--- EXTRACTED MATERIAL ---
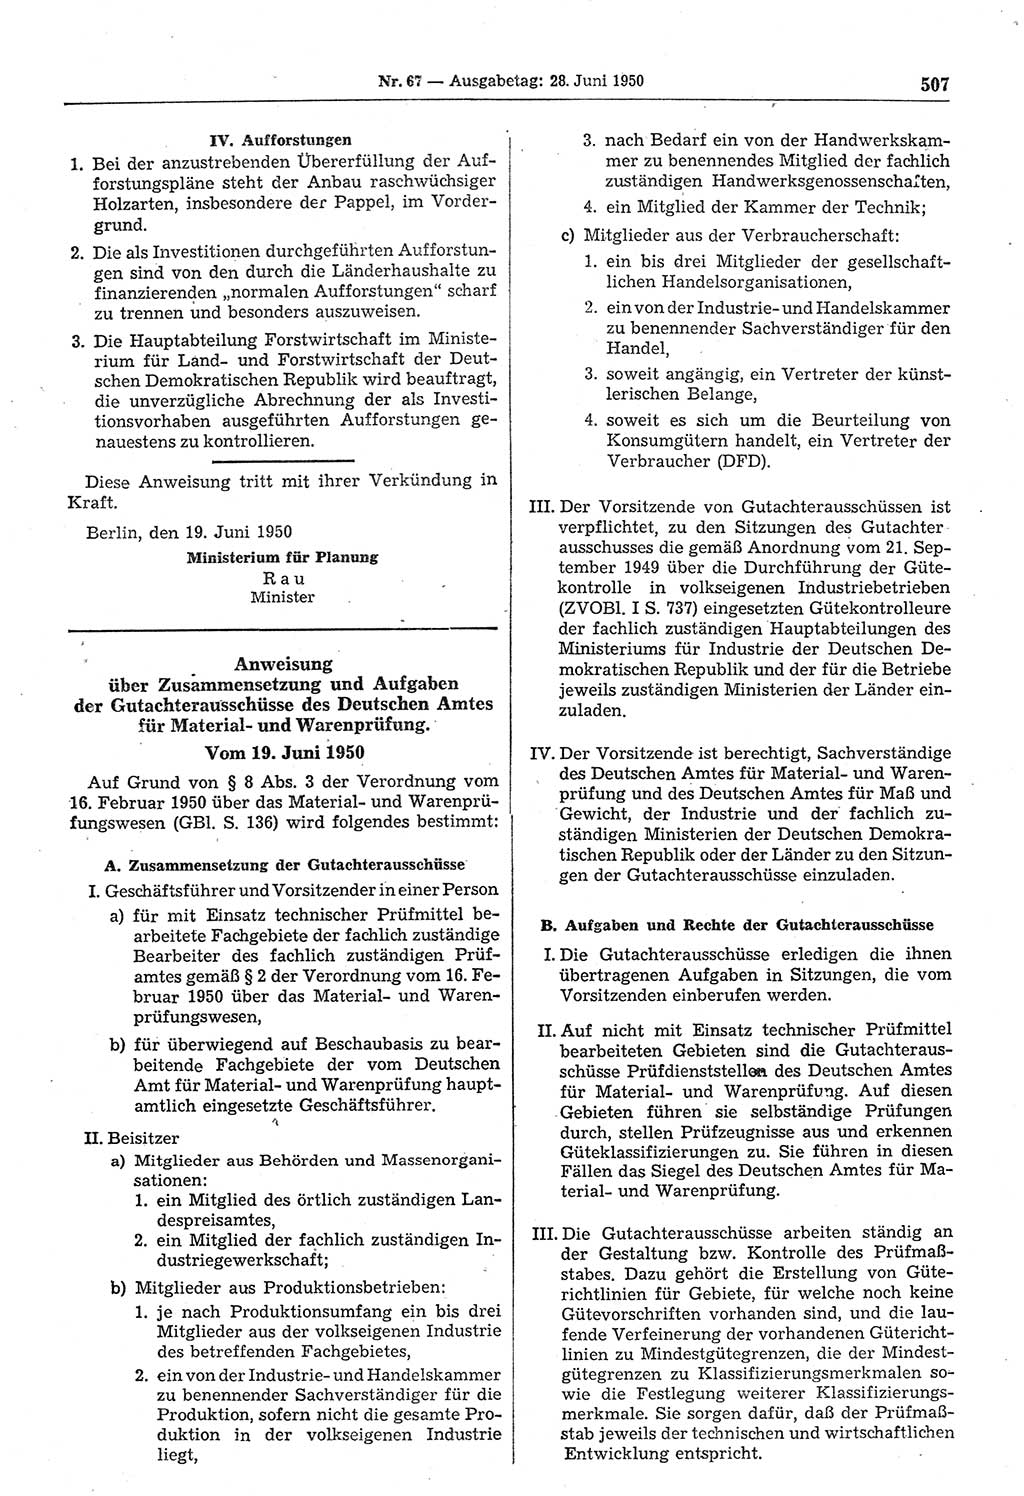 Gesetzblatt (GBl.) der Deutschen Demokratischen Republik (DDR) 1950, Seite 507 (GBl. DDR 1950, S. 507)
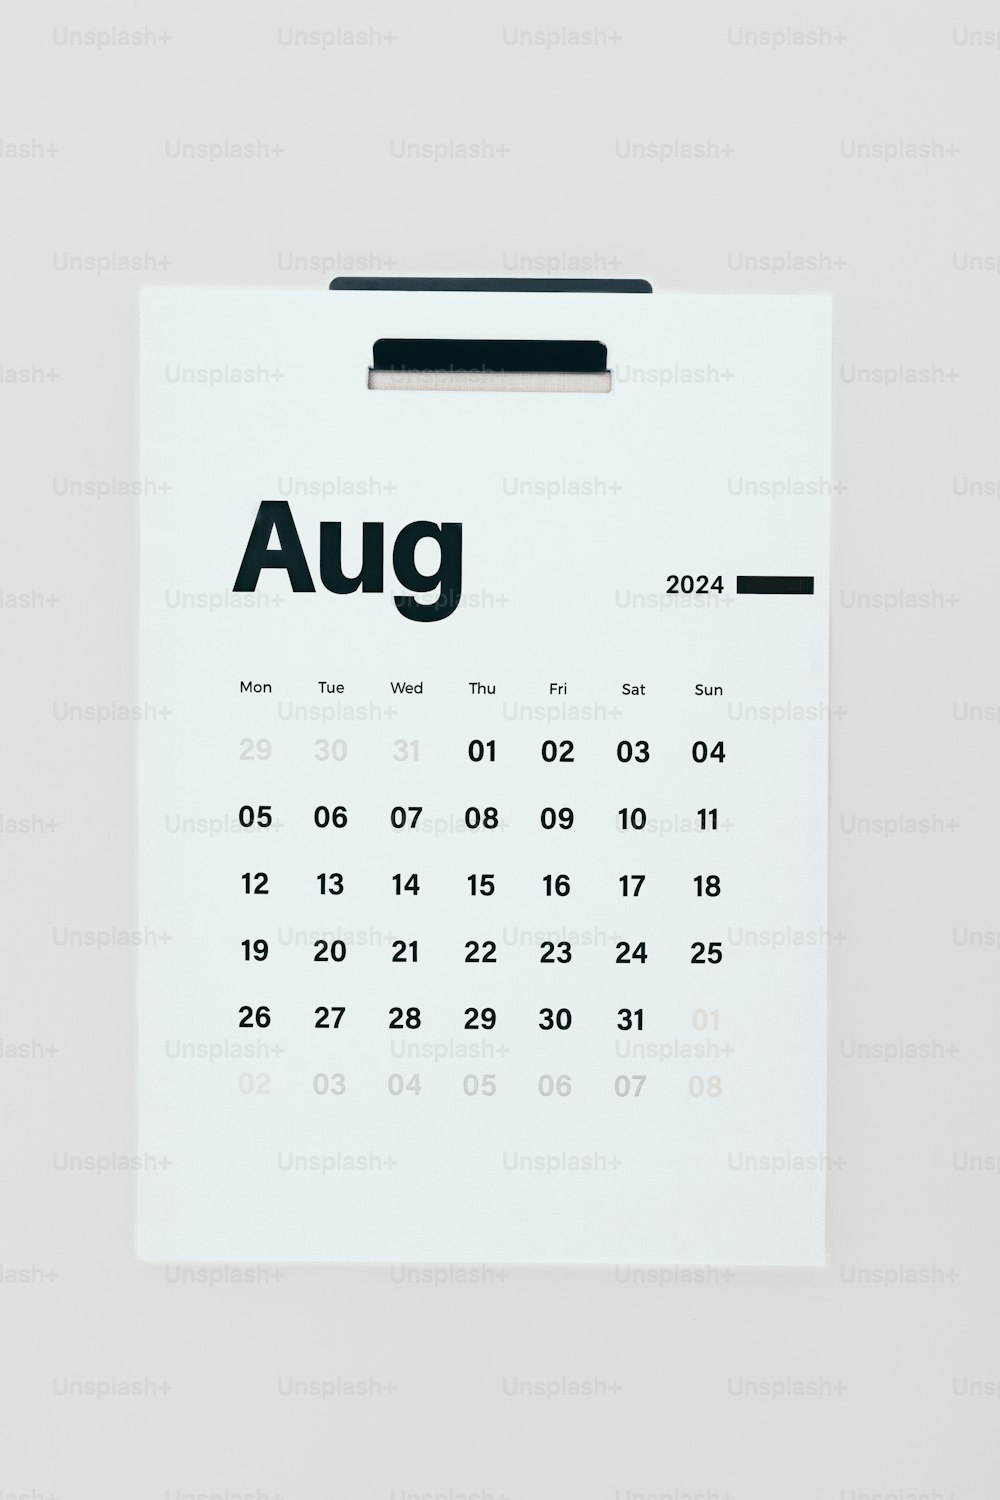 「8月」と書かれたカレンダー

--

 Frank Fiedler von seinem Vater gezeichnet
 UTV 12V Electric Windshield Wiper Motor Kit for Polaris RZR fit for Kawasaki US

* * *

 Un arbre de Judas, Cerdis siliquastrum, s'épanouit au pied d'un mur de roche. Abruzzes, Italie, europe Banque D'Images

--- EXERCISE ---
The answer is the run of lines above from the line containing "Frank Fiedler von seinem Vater gezeichnet" through the line containing "UTV 12V Electric", copied exactly and alone.

--- ANSWER FOR THIS EXERCISE ---
 Frank Fiedler von seinem Vater gezeichnet
 UTV 12V Electric Windshield Wiper Motor Kit for Polaris RZR fit for Kawasaki US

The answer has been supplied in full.